Regenerative Agriculture Criticism And Regulation

Regenerative agriculture practices emphasize soil health as central to modern farming. Farms using regenerative agriculture techniques might sow cover crops, use no-till practices, and use crop rotation practices designed to keep soil healthy, however, there is very much criticism is being done on this. These practices can have an array of environmental benefits.

But companies are making some awfully big promises on regenerative agriculture’s ability to address climate change; more than it may be capable of delivering.

Criticisms And Regenerative Agriculture

Some members of the scientific community have criticized as exaggerated and unsupported by evidence some of the claims made by proponents of regenerative agriculture.

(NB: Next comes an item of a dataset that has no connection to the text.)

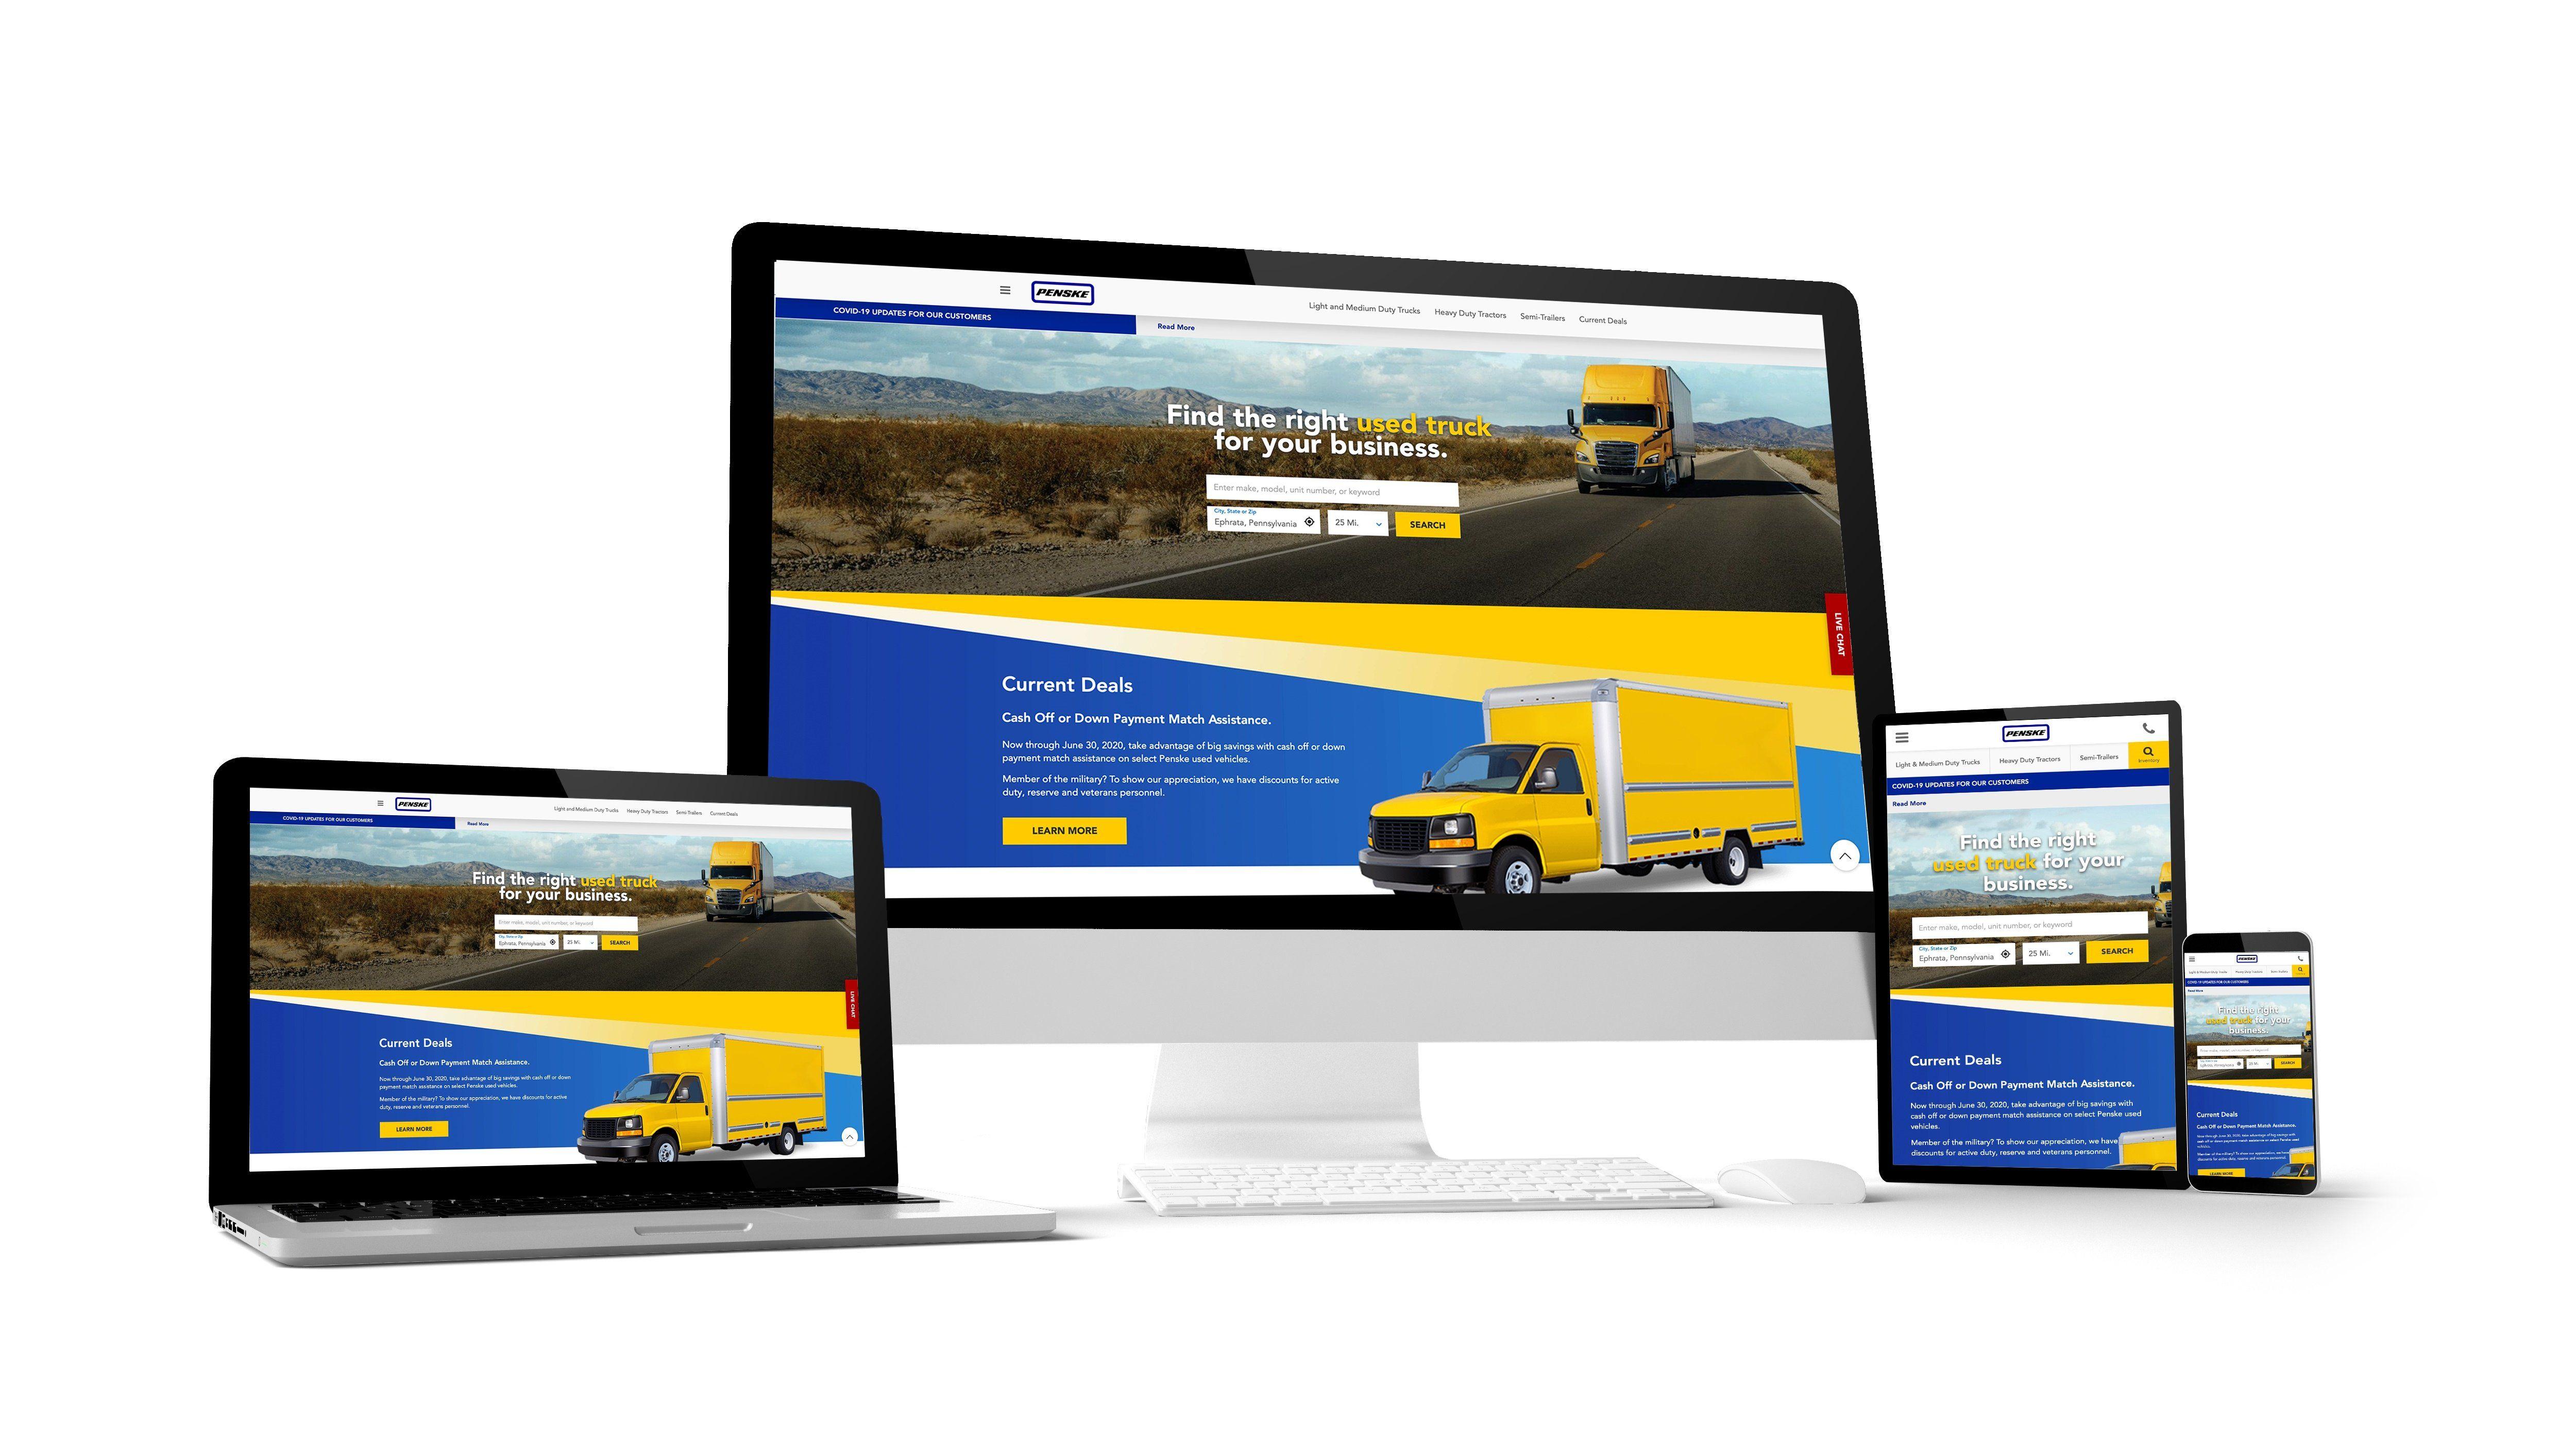 penske used trucks website on different devices

One of the prominent proponents of regenerative agriculture, Allan Savory, claimed in his TED talk that holistic grazing could reduce carbon dioxide levels to pre-industrial levels in a span of 40 years. According to Skeptical Science:

“it is not possible to increase productivity, increase numbers of cattle and store carbon using any grazing strategy, never-mind Holistic Management Long term studies on the effect of grazing on soil carbon storage have been done before, and the results are not promising. Because of the complex nature of carbon storage in soils, increasing global temperature, risk of desertification, and methane emissions from livestock, it is unlikely that Holistic Management, or any management technique, can reverse climate change.”

According to a 2016 study published by the Swedish University of Agricultural Sciences, the actual rate at which improved grazing management could contribute to carbon sequestration is seven times lower than the claims made by Savory. The study concludes that holistic management cannot reverse climate change. A study by the Food and Climate Research Network in 2017 concluded that Savory’s claims about carbon sequestration are “unrealistic” and very different from those issued by peer-reviewed studies.

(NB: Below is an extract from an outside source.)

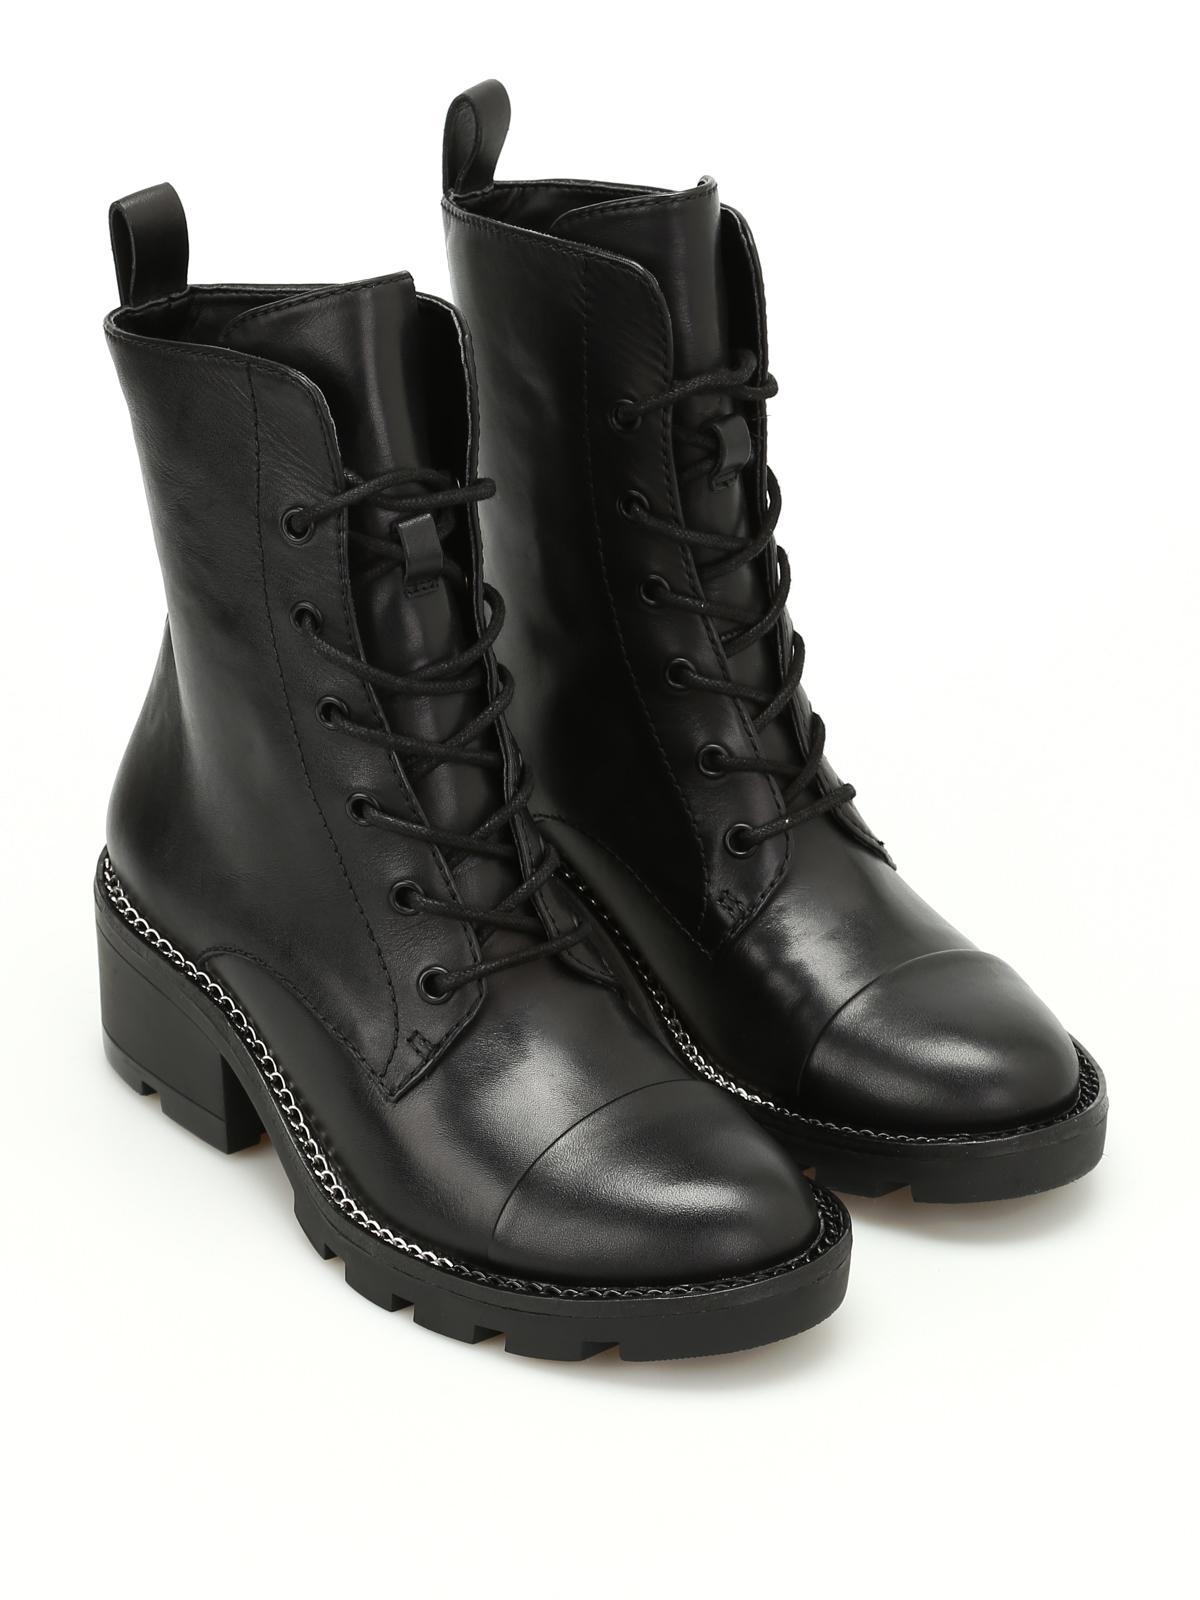 Park leather combat boots - ankle boots

Tim Searchinger and Janet Ranganathan have expressed concerns about emphasis upon “Practices That Increase Soil Carbon at the Field Level” because “overestimating potential soil carbon gains could undermine efforts to advance effective climate mitigation in the agriculture sector.”

Instead Tim Searchinger and Janet Ranganathan favor “preserving the huge, existing reservoirs of vegetative and soil carbon in the world’s remaining forests and woody savannas by boosting productivity on existing agricultural land (a land-sparing strategy) is the largest, potential climate mitigation prize of regenerative and other agricultural practices.

Realizing these benefits requires implementing practices in ways that boost productivity and then linking those gains to governance and finance to protect natural ecosystems. In short, produce, protect and prosper are the most important opportunities for agriculture.”

Implications for Policy and Practice

Ambiguity or uncertainty about what an individual or organization is referring to when they use the term “regenerative agriculture” may create multiple challenges. First, without a clear, stated definition of regenerative agriculture, it may be difficult or impossible for researchers to test a specific claim about the benefits or outcomes of regenerative agriculture (Goswami et al., 2017).

Clear definitions may be an important component of effective communication and engagement between scientists and practitioners (White and Andrew, 2019). Second, in the absence of a clear understanding of what regenerative agriculture is or is not, consumers may be misled or confused about the significance or truth basis of a claim about food produced using regenerative agriculture. In turn, confusion about eco-labels can lead to consumer distrust and dissatisfaction (Moon et al., 2017).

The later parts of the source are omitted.